Problem to solve:
In the entries that follow, repeat exactly the lines from the one that has "Lettre de l" through the one that has "無視するワーカー非難するOlay Complete BB", but omit pictures.

Dataset content: Begin

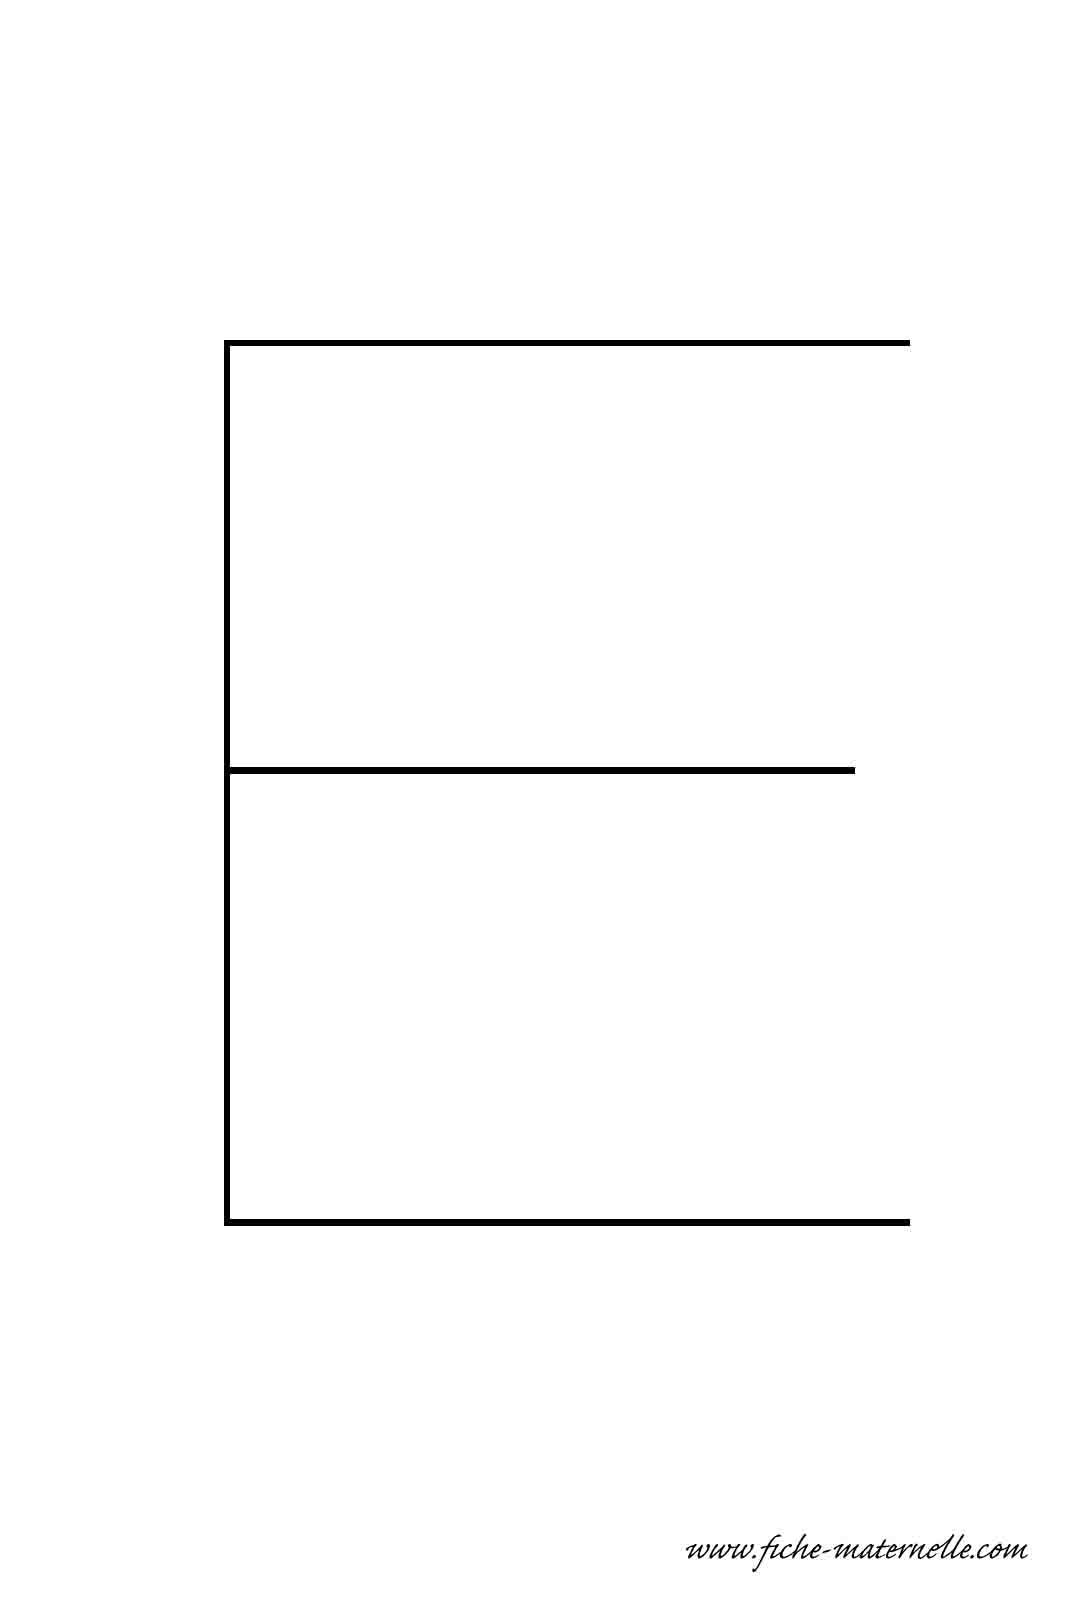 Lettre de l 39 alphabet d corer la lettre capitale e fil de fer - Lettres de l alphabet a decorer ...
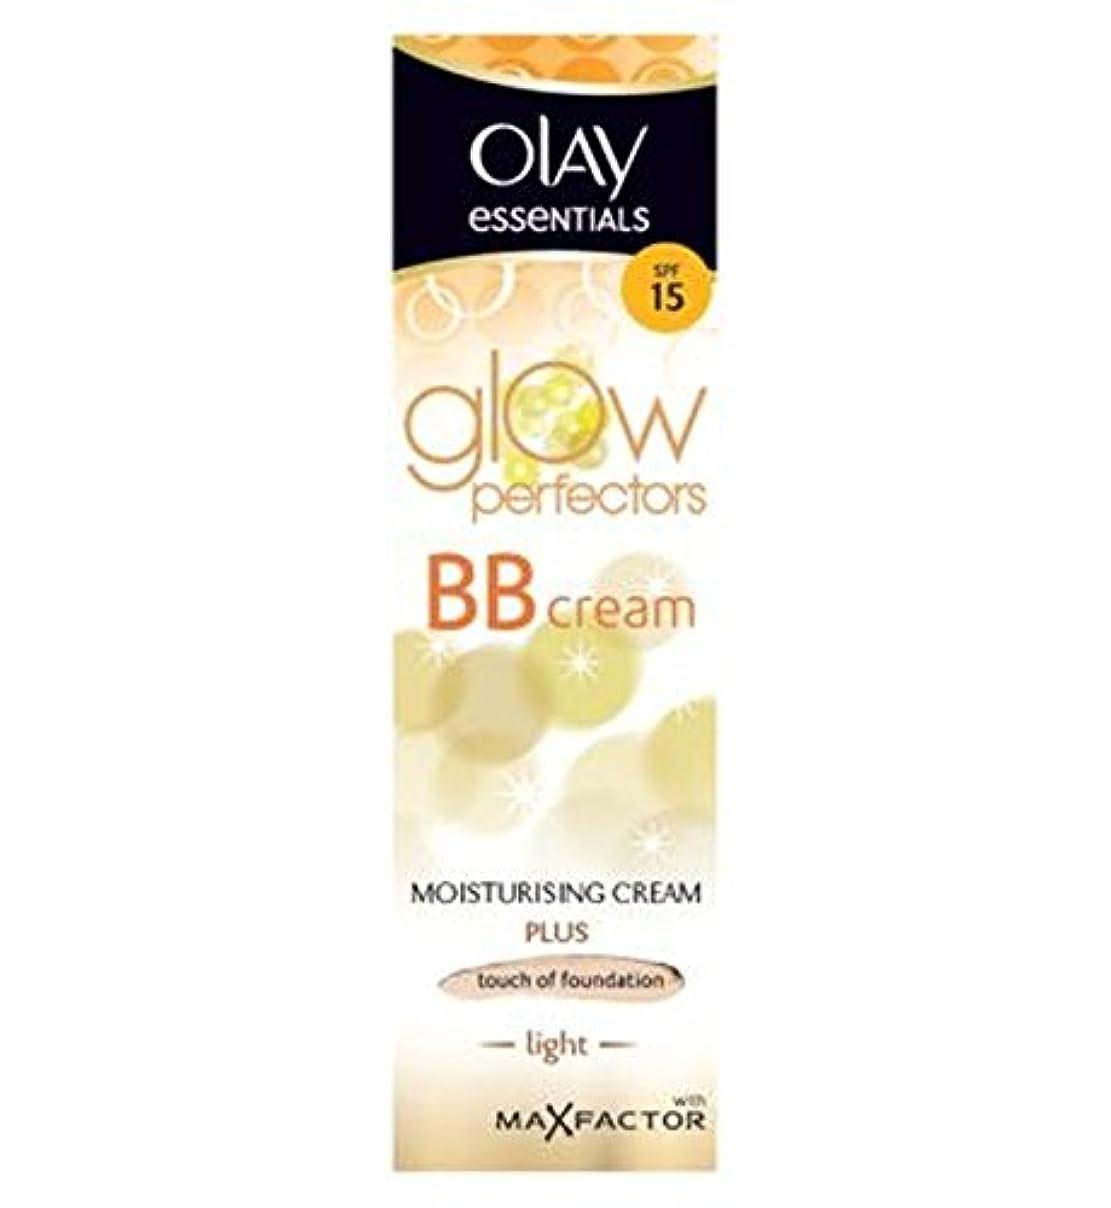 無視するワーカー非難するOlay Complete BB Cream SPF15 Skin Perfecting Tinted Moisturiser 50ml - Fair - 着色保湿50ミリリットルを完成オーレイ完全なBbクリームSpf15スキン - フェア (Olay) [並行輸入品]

Dataset content: End
Dataset content: Begin

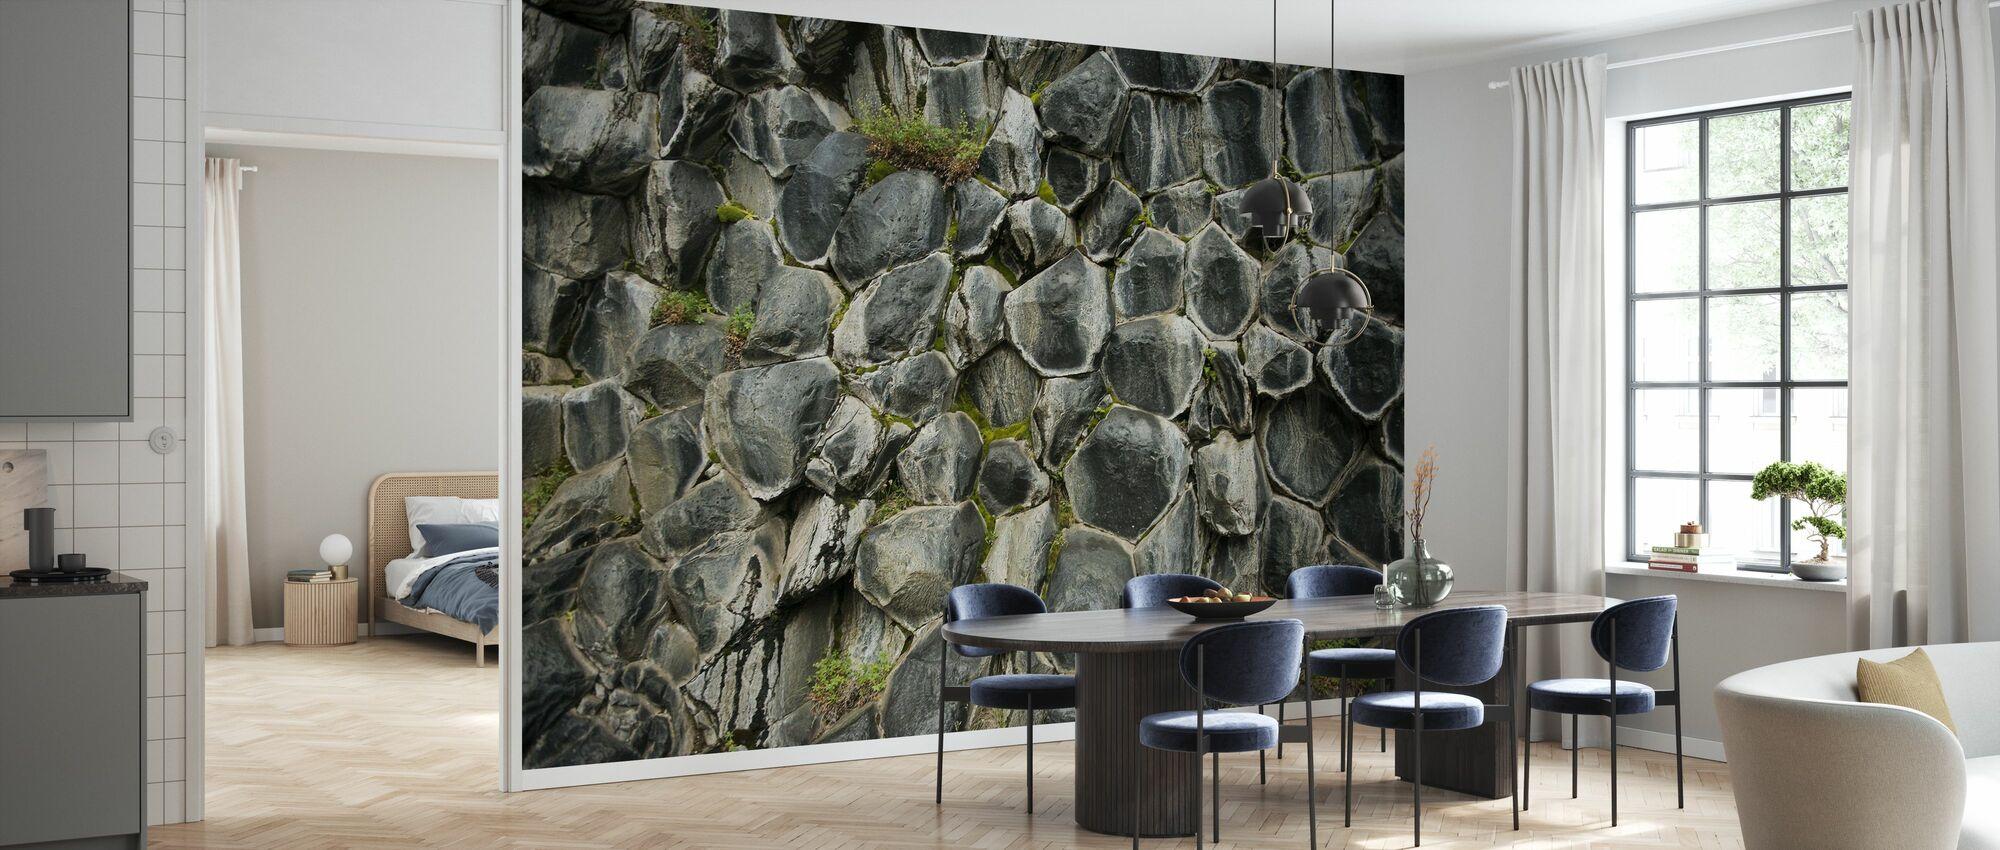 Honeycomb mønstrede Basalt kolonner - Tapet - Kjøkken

Dataset content: End

Task response:
 Lettre de l 39 alphabet d corer la lettre capitale e fil de fer - Lettres de l alphabet a decorer ...
 無視するワーカー非難するOlay Complete BB Cream SPF15 Skin Perfecting Tinted Moisturiser 50ml - Fair - 着色保湿50ミリリットルを完成オーレイ完全なBbクリームSpf15スキン - フェア (Olay) [並行輸入品]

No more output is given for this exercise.